The Mysterious Ajanta Caves
The Ajanta Caves are a series Buddhist cave temples in Maharashtra, India. Dating back to 2nd century BC the Ajanta caves preserve some of the best masterpieces of Buddhist art in India. Many visitors explore the Ajanta Caves in conjunction with the nearby Ellora Caves.
The Ajanta Caves were carved out of a solid rock along the Waghora River. The first Buddhist cave monuments at Ajanta date from the 2nd and 1st centuries B.C. During the Gupta period (5th and 6th centuries A.D.), many more richly decorated caves were added to the original group. They were used by Buddhist monks as prayer halls and monasteries. Ajanta Caves were abandoned in AD 650 in favour of Ellora Caves. Five of the caves were temples and 24 were monasteries, thought to have been occupied by some 200 monks and artisans. The Ajanta Caves were gradually forgotten until their ‘rediscovery’ by a British officer in 1819.
It is a protected monument under the Archaeological Survey of India and has been listed in the World Heritage list of monuments.
In their range of time and treatments they provide a panorama of life in ancient India and are a source of all kinds of information… hair styles, ornaments, textiles, musical instruments, details of architecture, customs etc. It was from this collection of classical Indian art that a particular style was formed that traveled with Buddhism to many parts of the world. Similar paintings can be seen in Sigiriya in Sri Lanka, Bamiyan in Afghanistan, temples and shrines in Tibet, Nepal, China and Japan.
Today the paintings and sculptures on Buddha’s life, belonging to the more mellow and ritualistic Mahayana Buddhism period, are world famous. Copies of them were shown in the Crystal Palace exhibition in London in 1866.
The first caves were hewn from the bare rock at the time of The Sātavāhana Empire which started around 230BC. The Sātavāhanas brought peace to India after several foreign invasions and the decline of the previous, Mauryan Empire. It is not without irony, then, that they were rediscovered by a contemporary invader and representative of a foreign empire.
Although there is widespread debate about the time at which the second period of building took place most now agree that it was probably during the reign of Harishena, from 460AD and over a period of around twenty years. This architectural flowering saw the creation of twenty temples which were used as monasteries.
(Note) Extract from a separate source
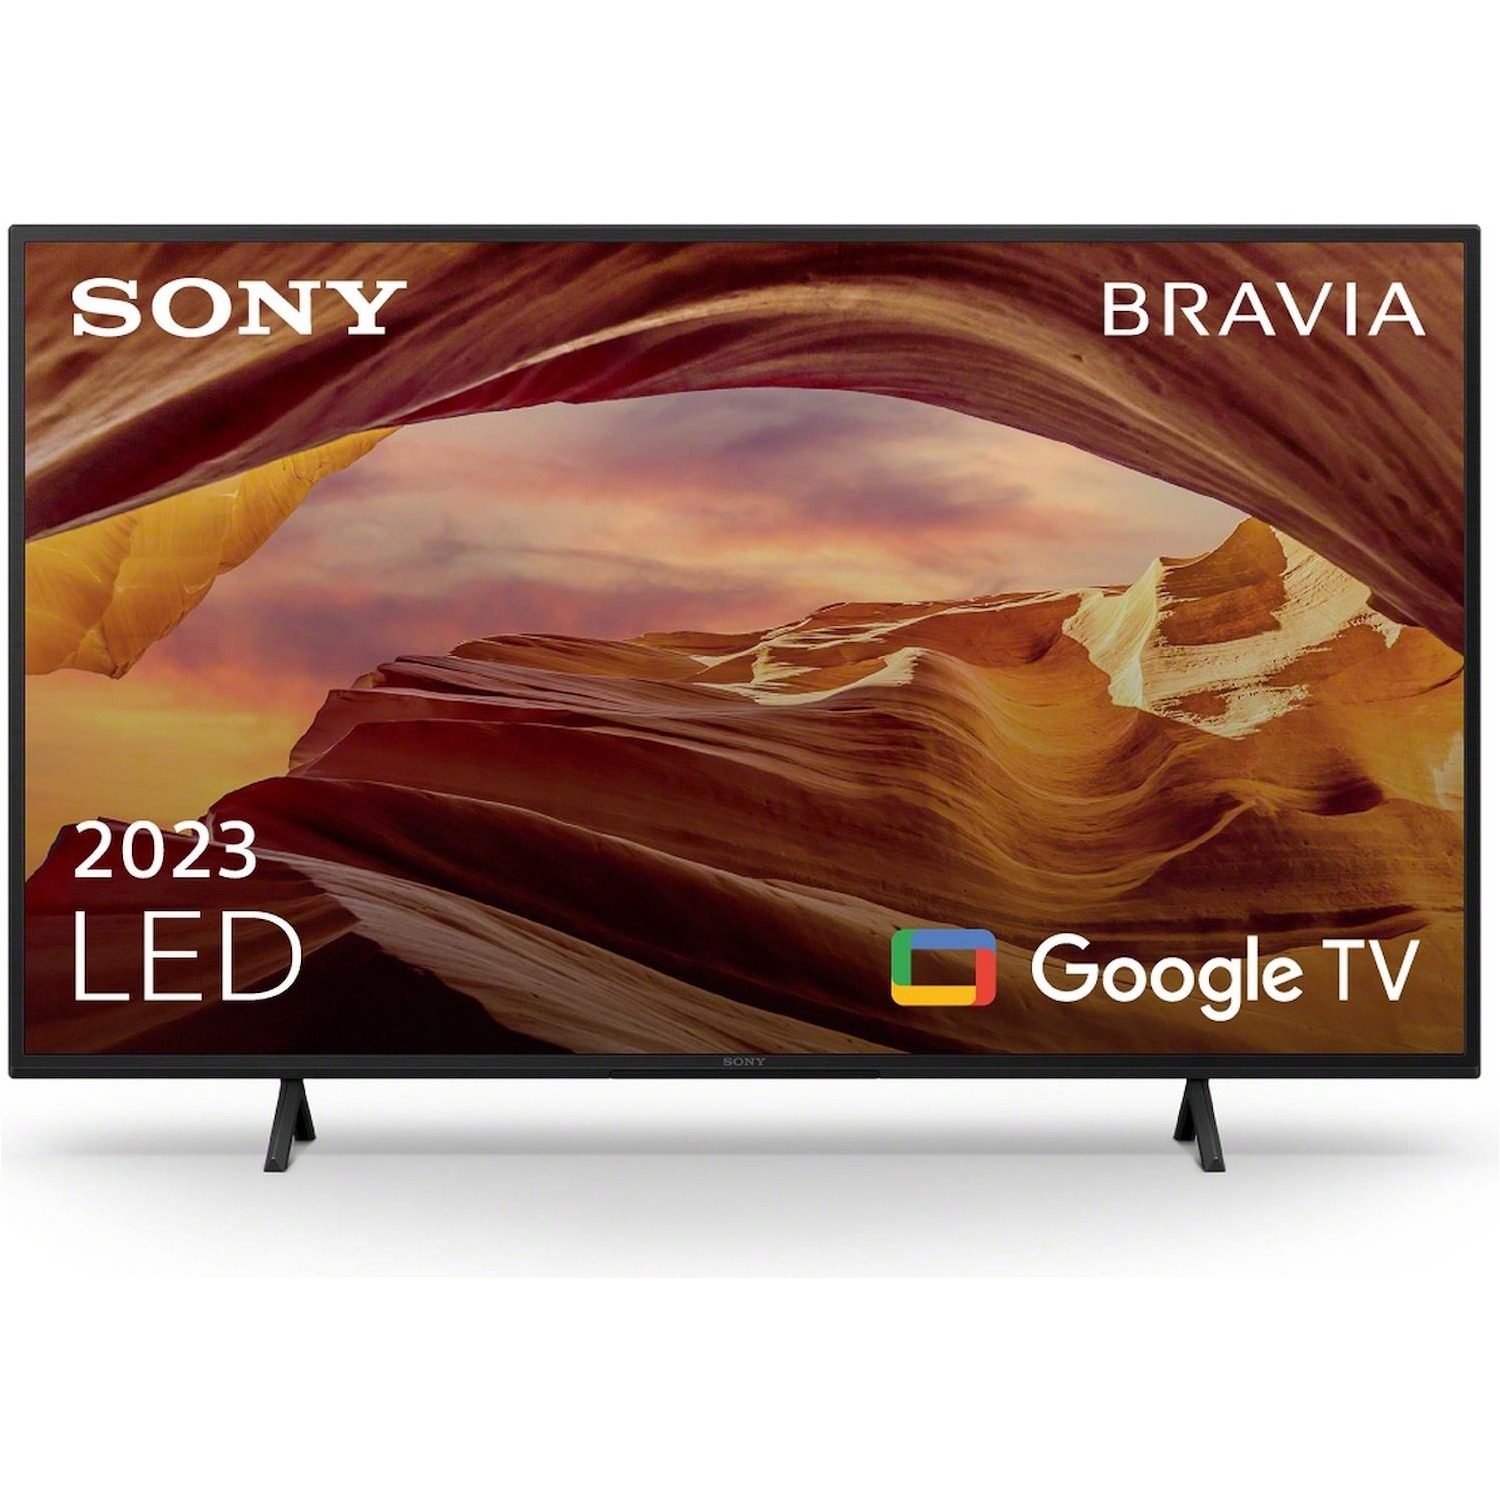 Immagine per TV LED Smart 4K UHD Sony 43X75W da DIMOStore

There are paintings everywhere – literally. Every surface apart from the floor is festooned with narrative paintings. Time has taken a serious toll on these marvelous works with many parts simply just fragments of what they were when first created. The stories are almost wholly devoted to Jātakas – tales of the Buddha’s previous lives. These 547 poems were painstakingly and lovingly painted on to the walls by devotees.
It has been noticed that the caves are illuminated by natural light for part of the day and it is presumed that metal mirrors or sheets of white cloth were used to reflect sunlight into the inner recesses.
No one knows for sure when and why the caves were abandoned – whether it was a gradual desertion of some event of political and social magnitude took place which precipitated the neglect and final vacation of the site. Regardless of the reason, for hundreds of years the place remained forsaken, to be rediscovered that fateful day in 1819 by John Smith.